Depois de cinco anos de infrutíferas pesquisas, o grande metalurgista voltou ao Rio, sem haver descoberto ou fundado coisa alguma; tendo ganho 10.000$000 anuais de ordenado, fora uma diária de 10$000para cavalgadura.

Ora, se um burro ganhava aquela soma, quanto deveriam ganhar os inventores e acoroçoadores dessa excursão de tão grande pilhéria?

O transporte dos materiais, do Ipanema a Mato Grosso, custou 22.000$000; parte deles ficou em caminho, e alguns até hoje enferrujam-se ao sol, atirados sobre a praia da cidade de Santos, perto da Alfândega.

Esteve a fábrica em abandono até 1865, ano em que lhe foi nomeado diretor na pessoa do major de engenheiros, dr. Joaquim de Sousa Mursa, a cuja inteligente direção' deve-se a prosperidade relativa em que se acha hoje aquele estabelecimento. 1882.


Quadros a Lápis


Quem tem saúde, dinheiro e curiosidade visita a França, a Alemanha, um pouco a Inglaterra, faz uma ascensão à Suíça e vai descansar algum tempo em Itália.

É tão bom, na volta, ter qualquer coisa a contar do que se viu na viagem; — os ruidosos "boulevards" parisienses; as margens pitorescas do Danúbio; os Alpes suíços com os seus "chalets" destacando na encosta das montanhas nevadas; a opulência londrina; Roma com os seus monumentos históricos, as ruínas dos seus palácios de mármore; e as suas campanhas que a nossa fantasia se compraz em povoar com a graça bucólica da poesia virgiliana... é tão bom podermos dizer: — em tal dia vi Gambetta, ou lord Fulano; — em tal noite contemplei o vulto imponente da catedral de S. Pedro... oh! que belo luar fazia!

Depois, em Veneza... quão doce é cismar ao balanço da gôndola, ouvir a dolente ária que uma condessa romanesca, ali no palácio vizinho, canta com a morbideza característica da italiana... e, eis porque, quando se tem dinheiro e saúde, a gente vai correr terras estrangeiras, para poder, na volta, contar aos que ficaram na pátria: — estive em Paris, em Londres, em Roma...

Eu estive apenas rio Ipanema, mas cismei longas horas no meio dos matos, no coração do Araçoiaba; contemplei o zimbório verdejante da floresta; ouvi cantar a araponga, na doce hora do entardecer; senti-me remoçar na solidão da Natureza.

A minha gôndola era a canoa caipira, e o lago aí estava espraiando-se dormente pelas fraldas da montanha, com as suas rasas ilhotas florescidas, batido em cheio, pelo claro luar destas tão belas noites de verão.

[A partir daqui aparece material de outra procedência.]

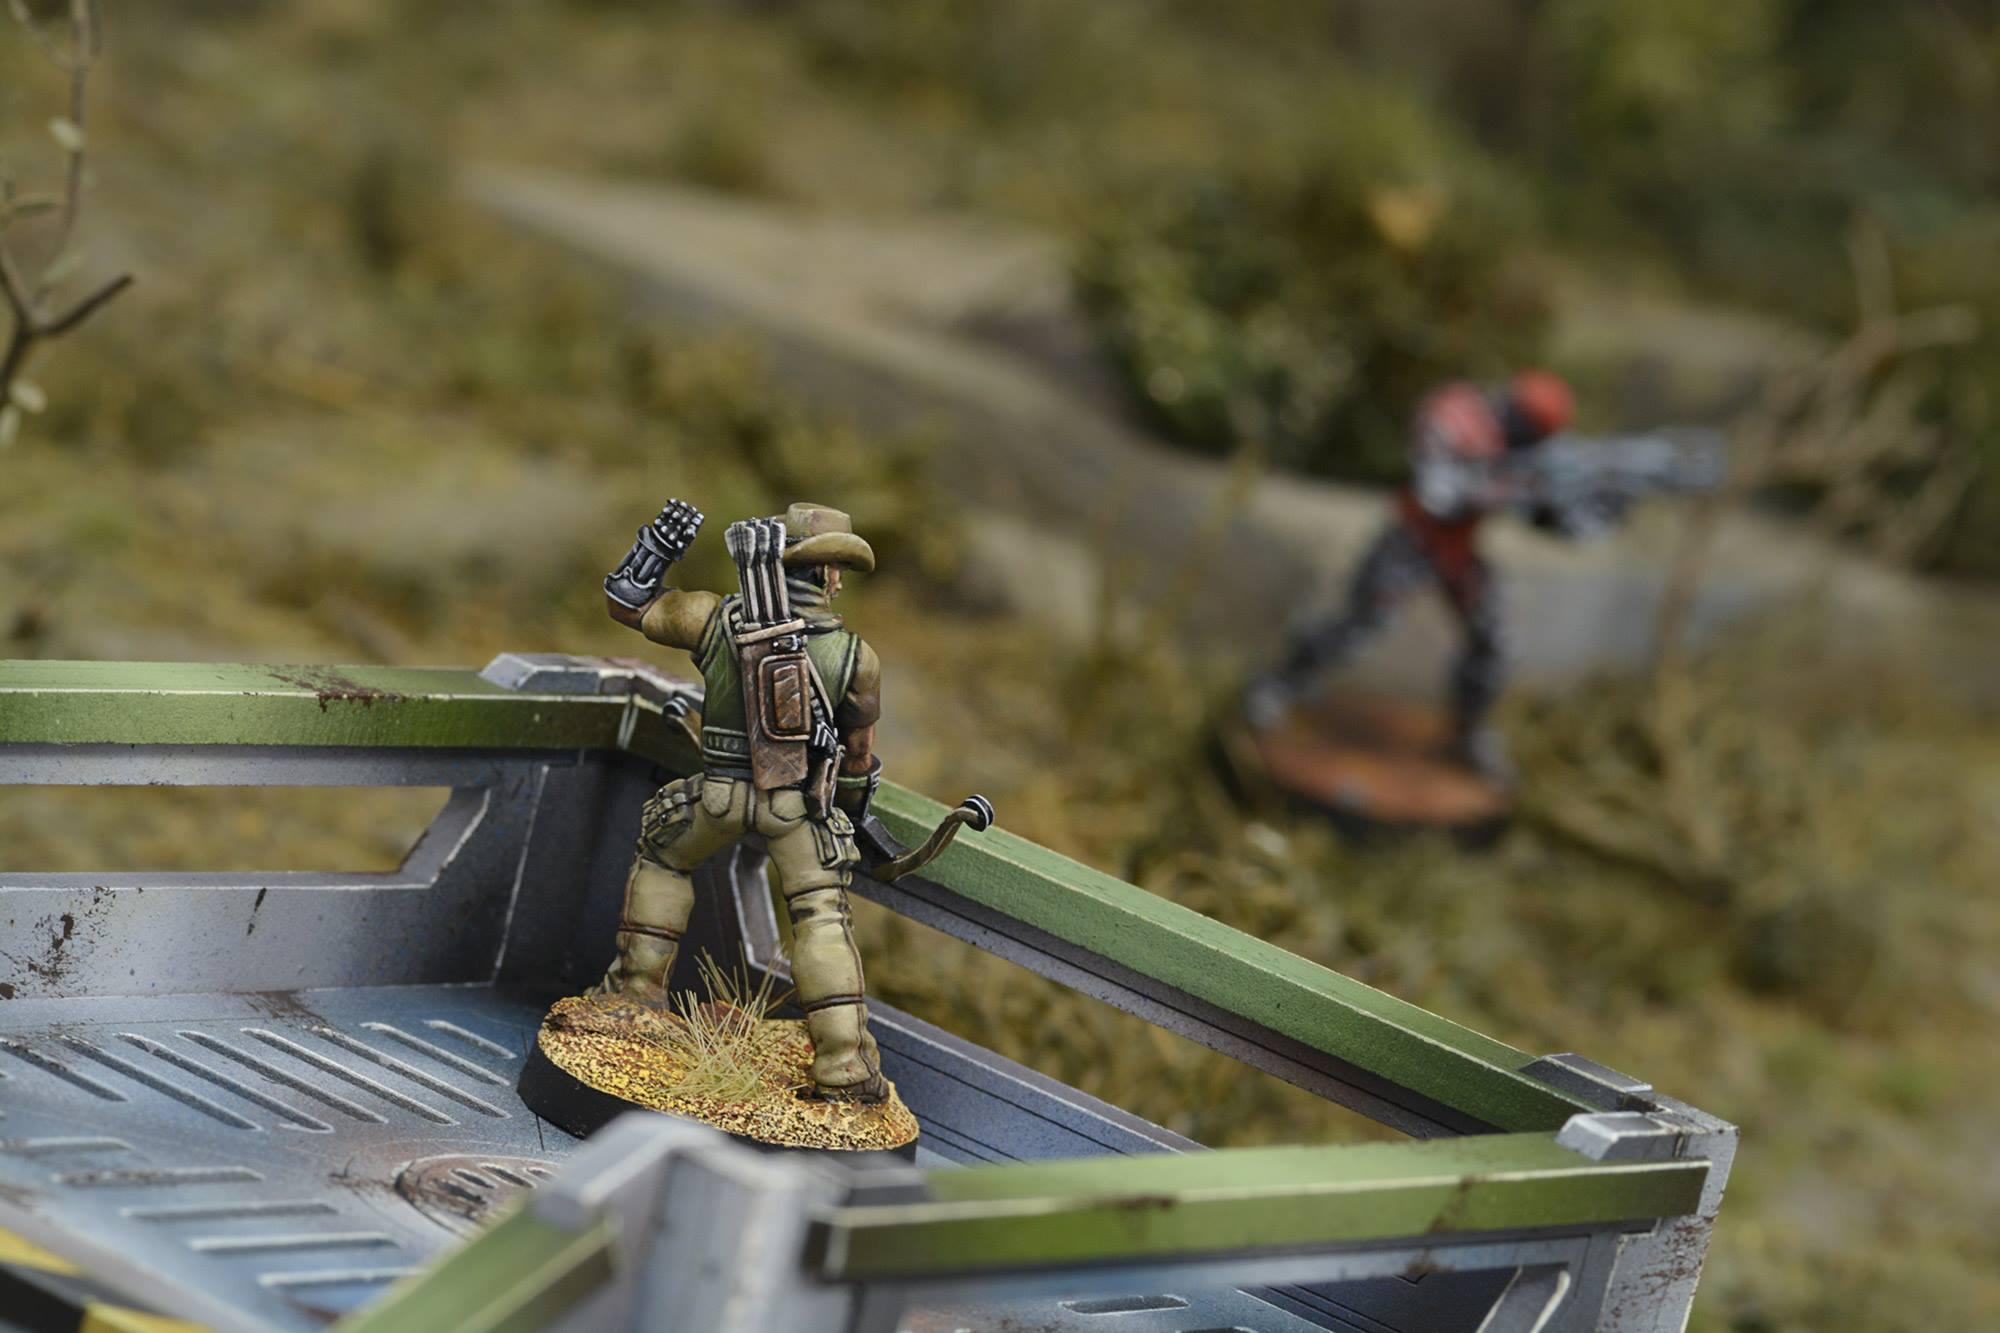 Hardcases-2nd-Irregular-Frontiersmen-Battalion-Tactical-Bow-Rear
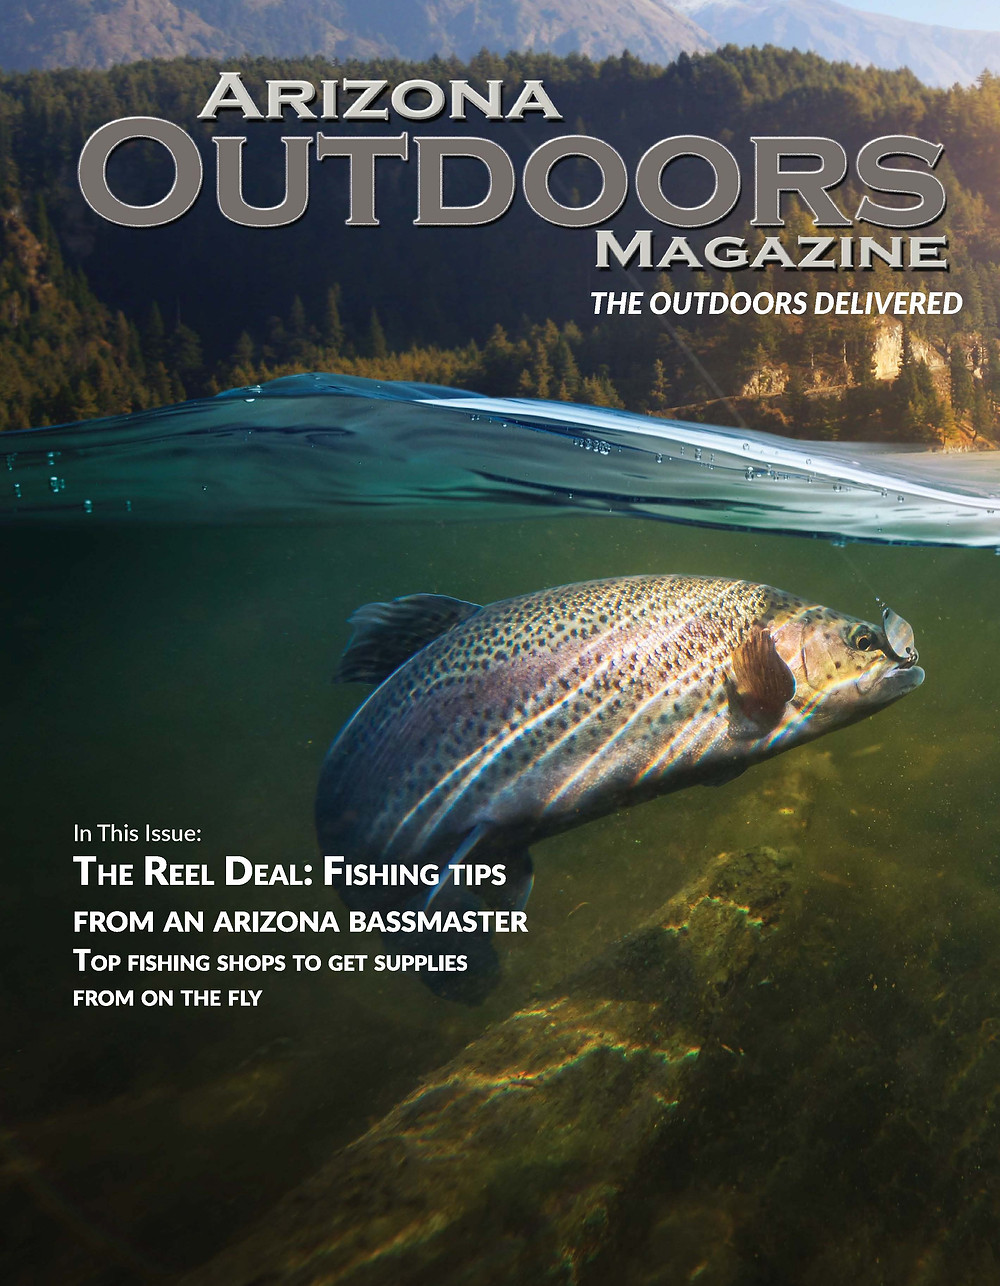 Arizona Outdoors Magazine

Muitos dos que me lêem agora já estiveram por certo nesses lugares, e acham, porventura, que sou mais um paisagista do que um narrador, que me demoro em pintar uma aquarela, quando apenas devia descrever o quadro a traços de desenhos geométricos. Mas, é que eu trouxe um lápis de turista e não o tiralinhas do agrimensor.

A poesia da natureza, a emoção do que esta em nós produz, é toda relativa à impressionabilidade da alma humana; o contemplativo comove-se perante o mesmo quadro incapaz de impressionar, de leve sequer, o espírito prático do frio observador; nisto está a divergência entre um poeta e um engenheiro. A uns, portanto, o marulho dos córregos, o misterioso rumor das árvores, o céu estrelado e a terra solitária; a outros, o barulho da água nas rodas hidráulicas, e o silêncio amigo das equações do 2.° grau, com todos os seus expoentes e coeficientes.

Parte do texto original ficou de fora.